Raw data>

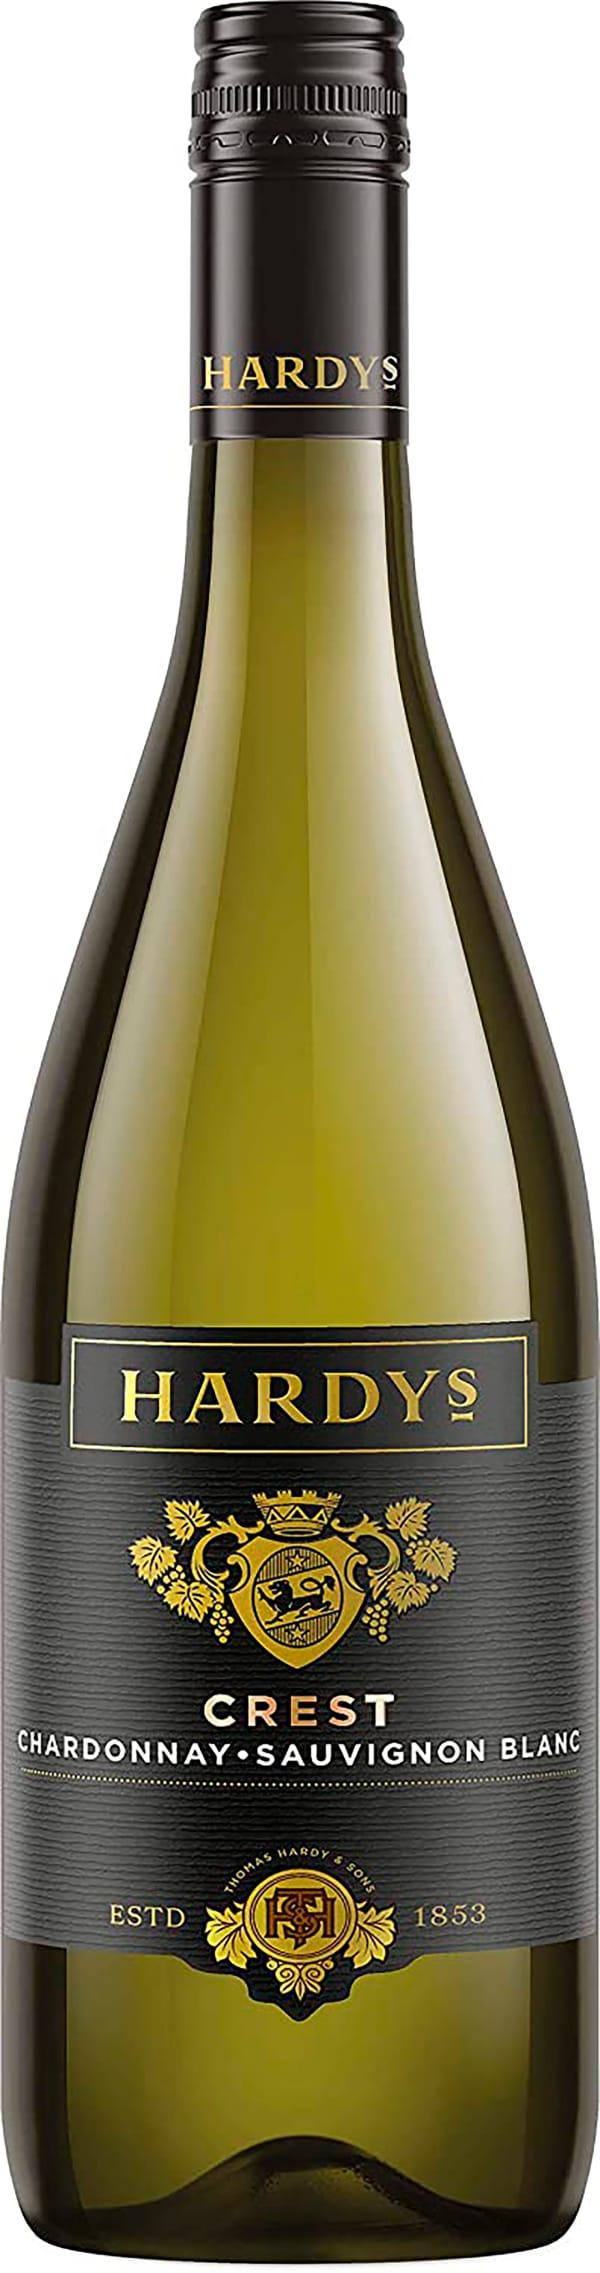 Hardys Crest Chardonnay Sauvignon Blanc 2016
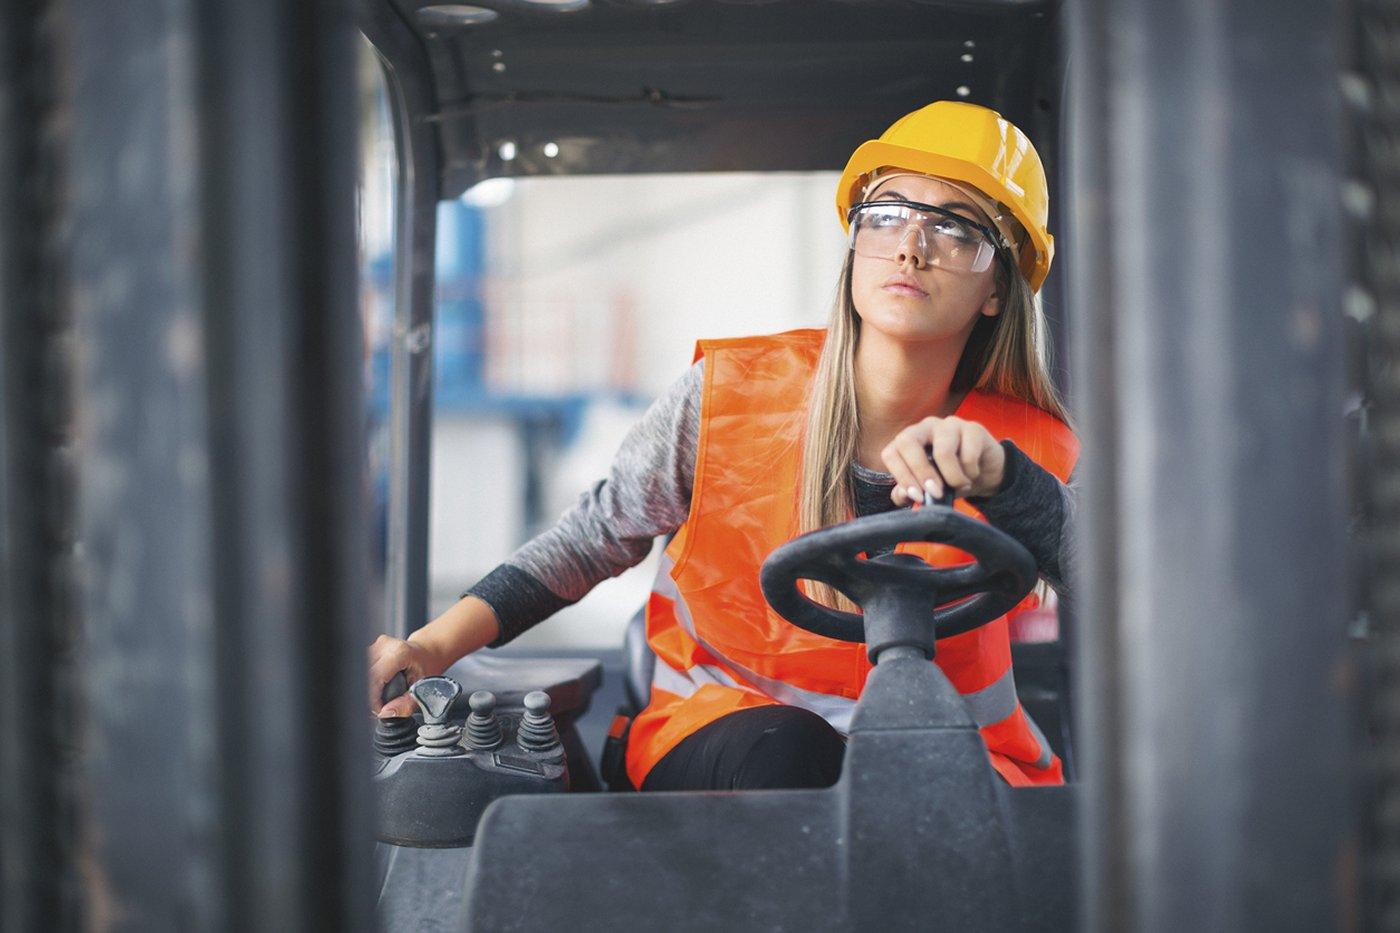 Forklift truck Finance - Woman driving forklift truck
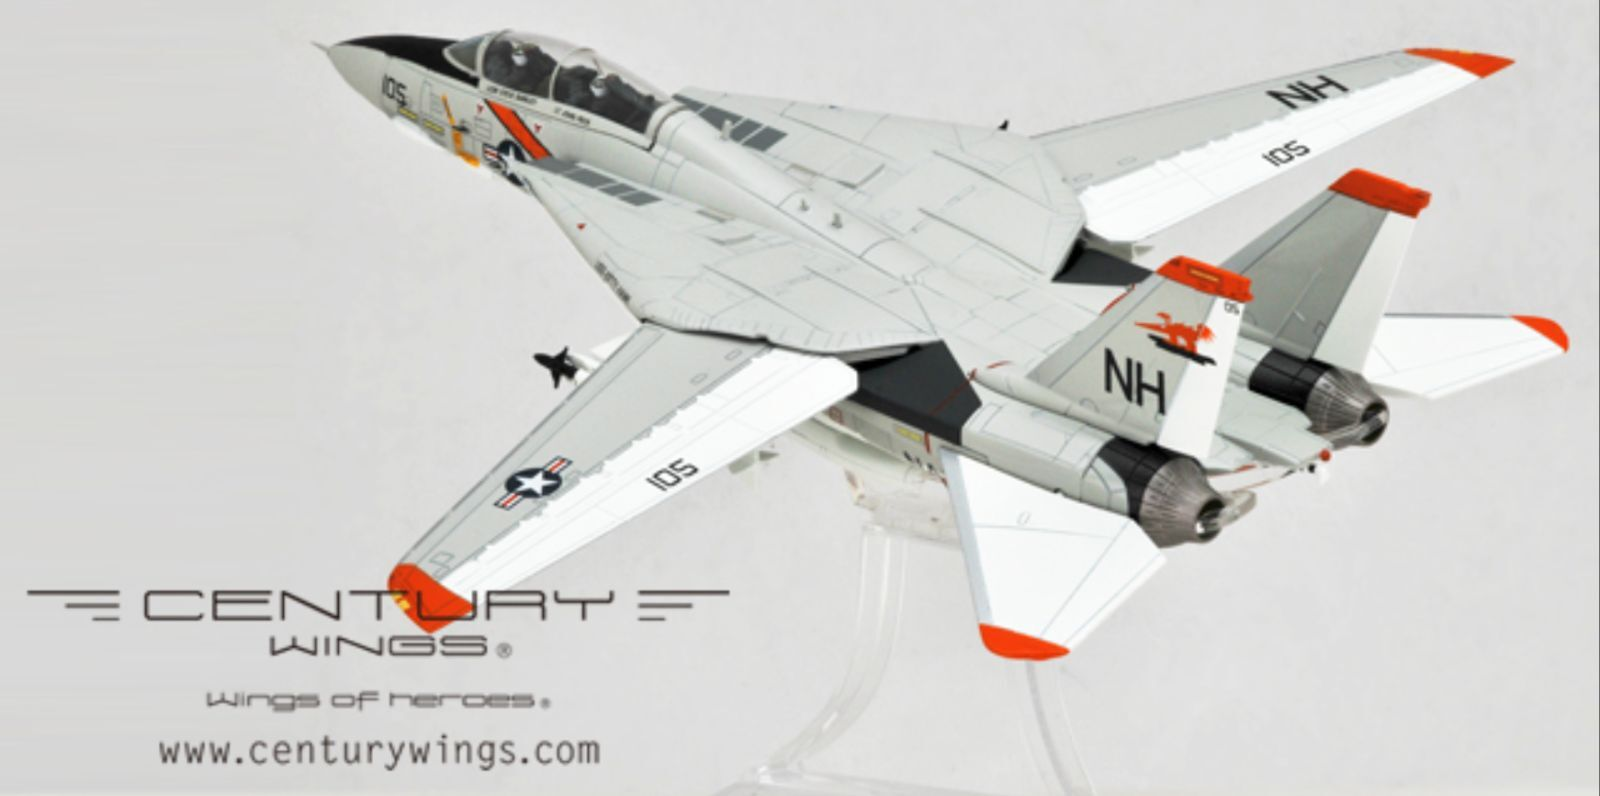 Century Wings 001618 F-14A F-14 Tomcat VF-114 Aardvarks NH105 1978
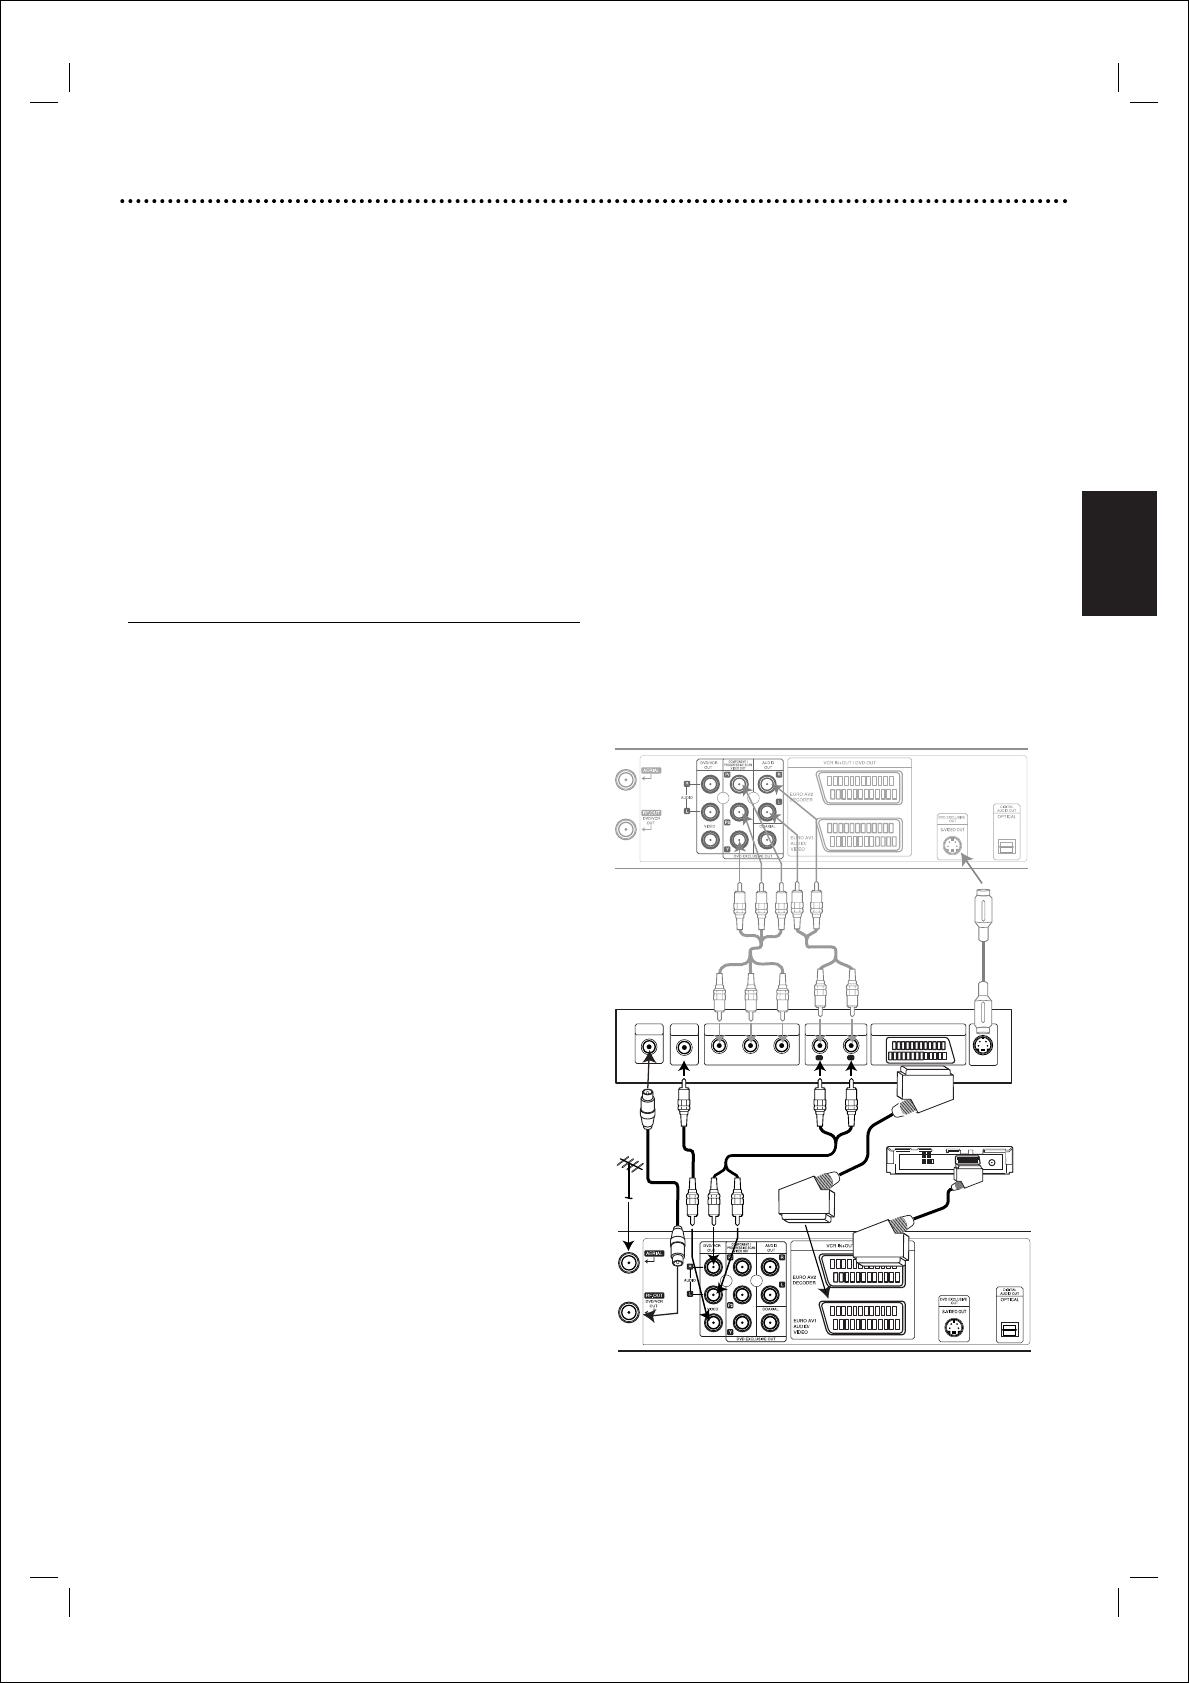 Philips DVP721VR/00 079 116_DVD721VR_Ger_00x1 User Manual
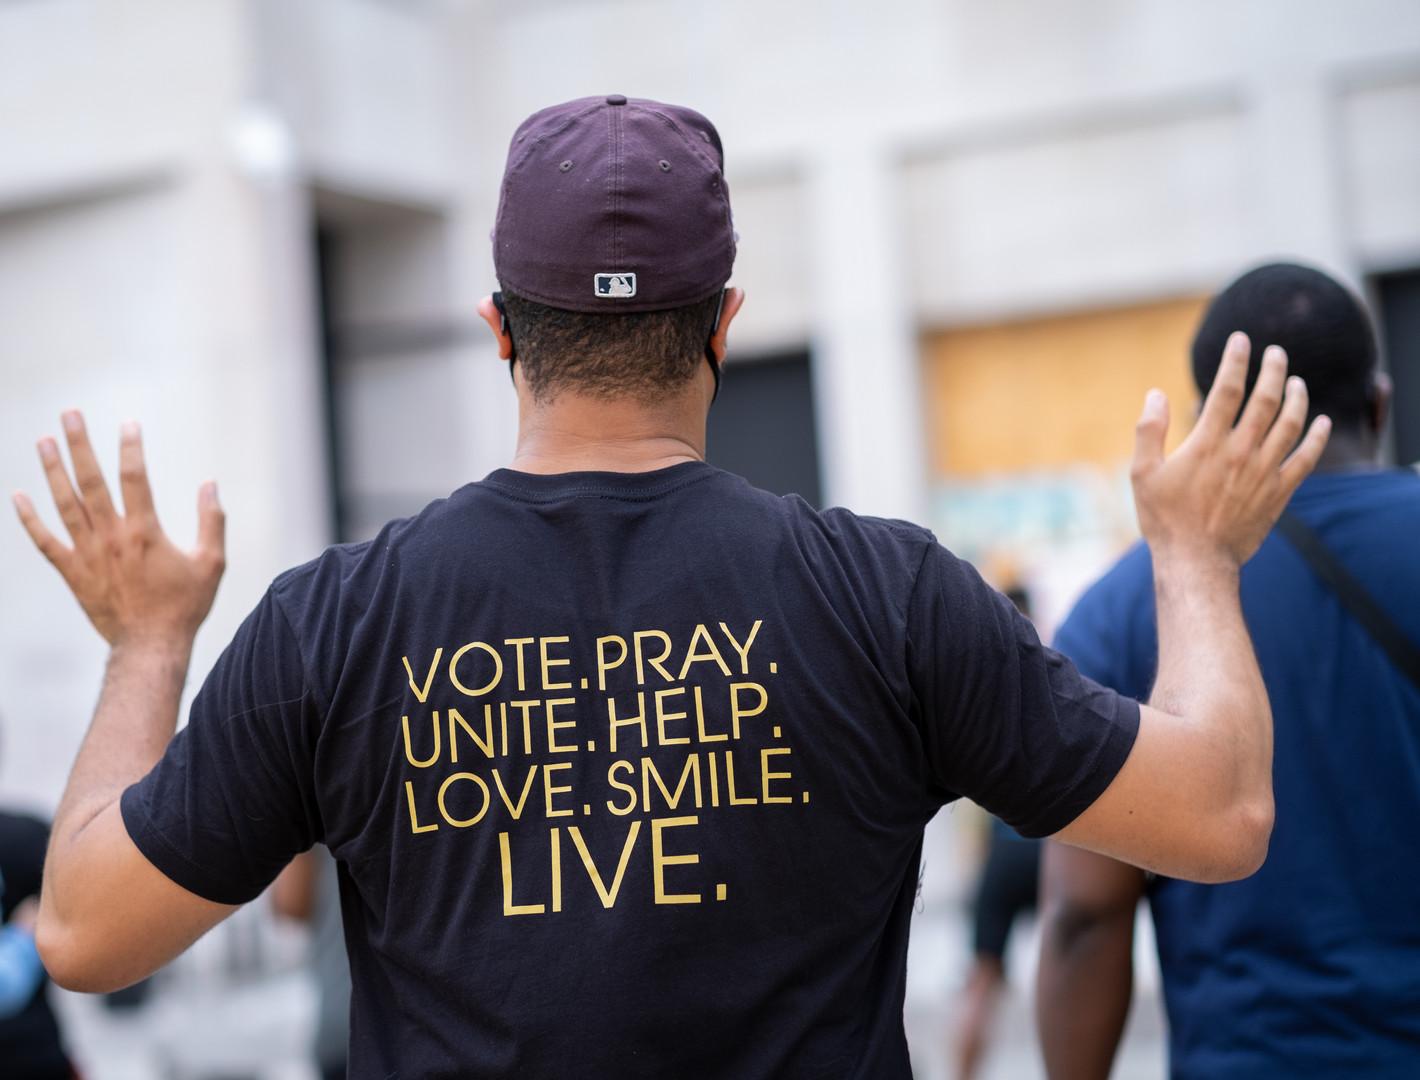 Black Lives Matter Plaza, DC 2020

Aim of the task> Could you transcribe all of the data exactly, keeping every picture out of the copy?

Answer to the problem>
 Hardys Crest Chardonnay Sauvignon Blanc 2016
 Forklift truck Finance - Woman driving forklift truck
 Century Wings 001618 F-14A F-14 Tomcat VF-114 Aardvarks NH105 1978
 Philips DVP721VR/00 079 116_DVD721VR_Ger_00x1 User Manual
 Black Lives Matter Plaza, DC 2020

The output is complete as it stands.